WHAT YOU HAVE TO DO: Your answer must be a word-for-word copy of the listing below, minus its pictures.
*** Opening of DATA SECTION ***
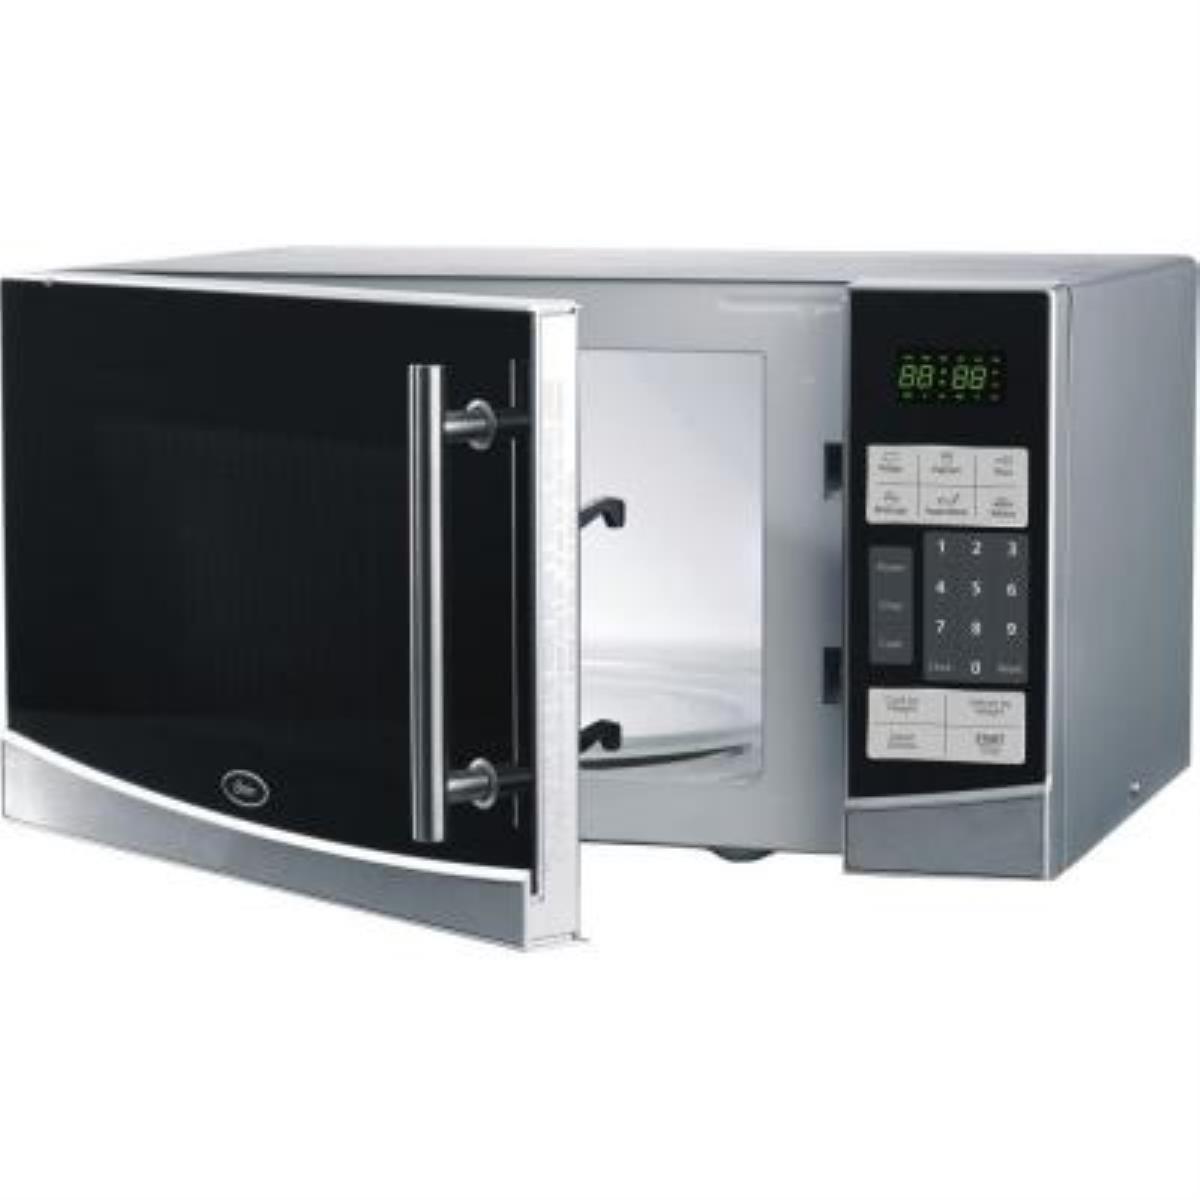 oster ogb61102 1 1 cu ft digital microwave oven black
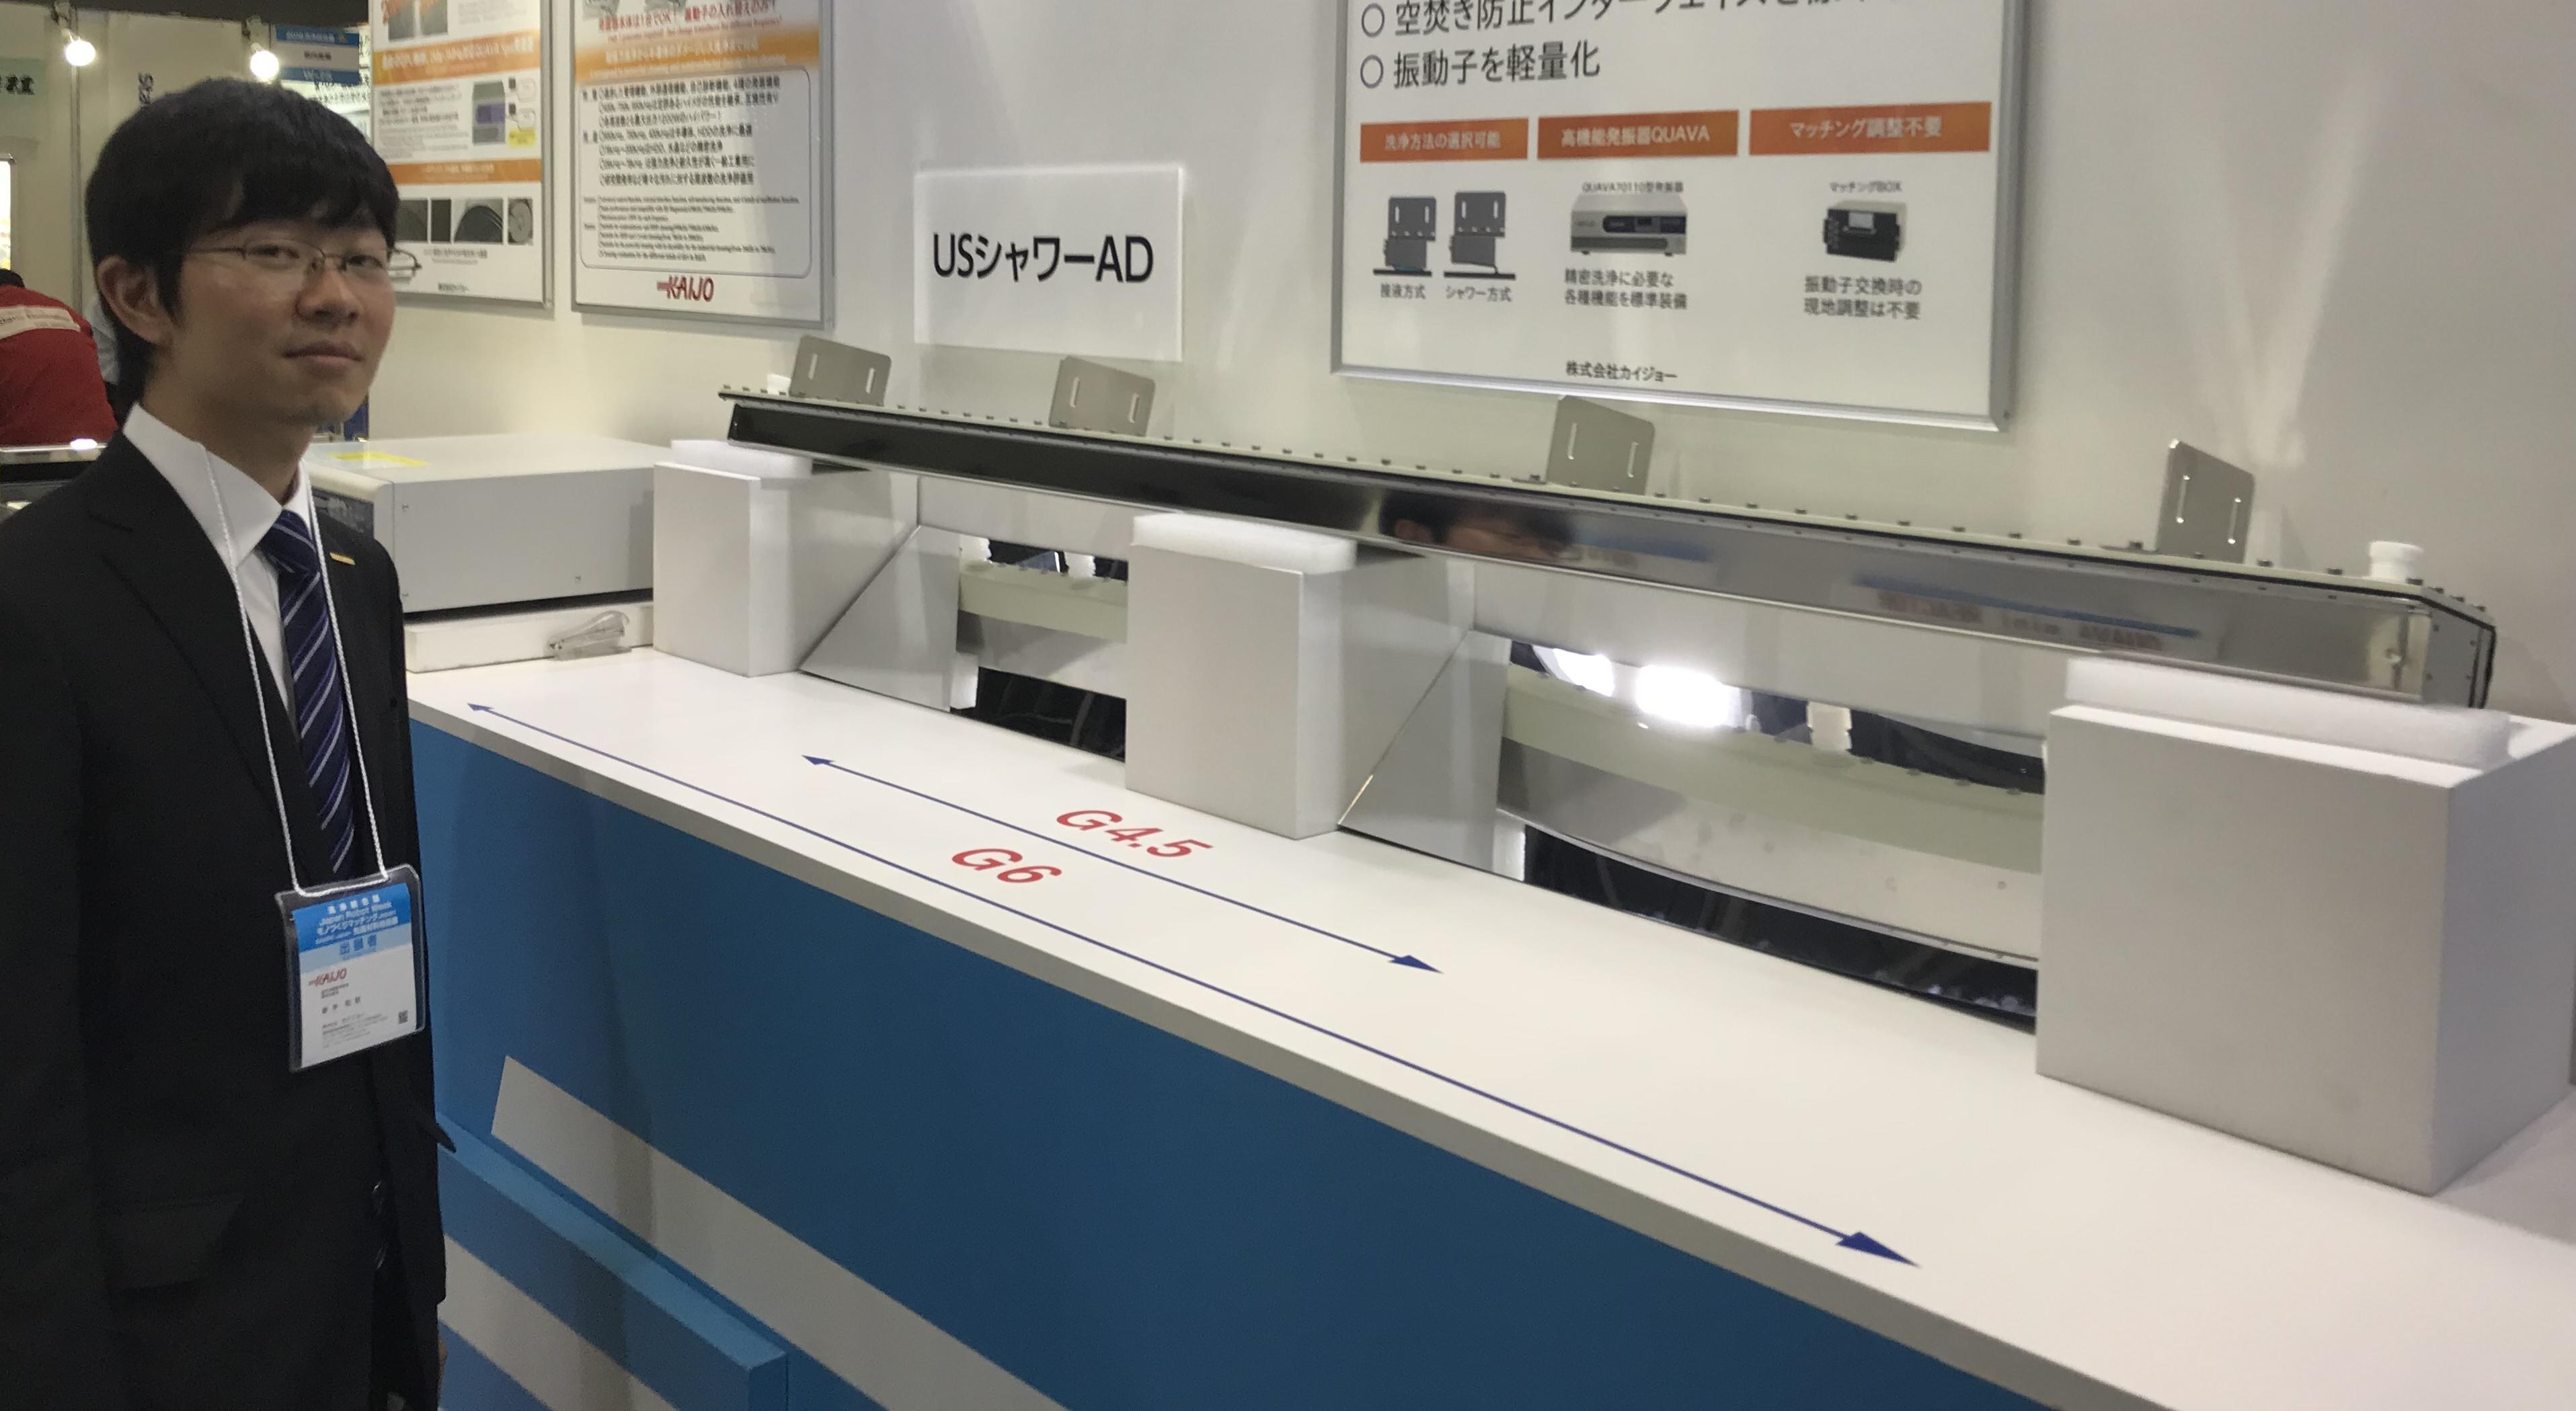 【新製品紹介】USシャワーAD(精密洗浄用超音波洗浄機)
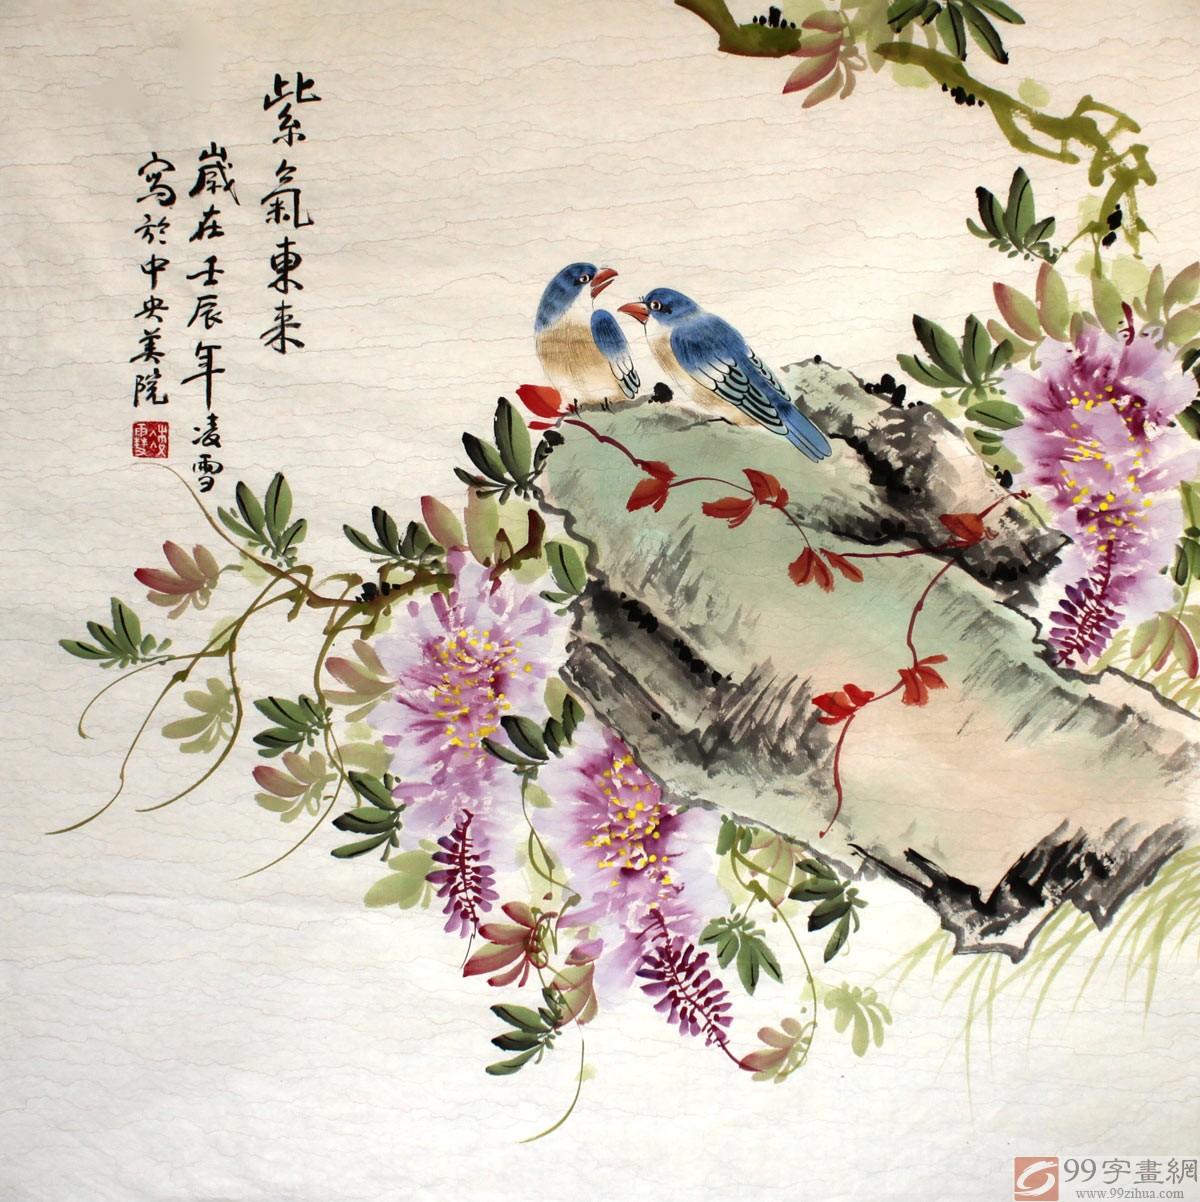 凌雪小写意国画 - 紫藤 - 99字画网图片
*** Close of DATA SECTION ***
TASK ANSWER:
 oster ogb61102 1 1 cu ft digital microwave oven black
 【新製品紹介】USシャワーAD(精密洗浄用超音波洗浄機)
 凌雪小写意国画 - 紫藤 - 99字画网图片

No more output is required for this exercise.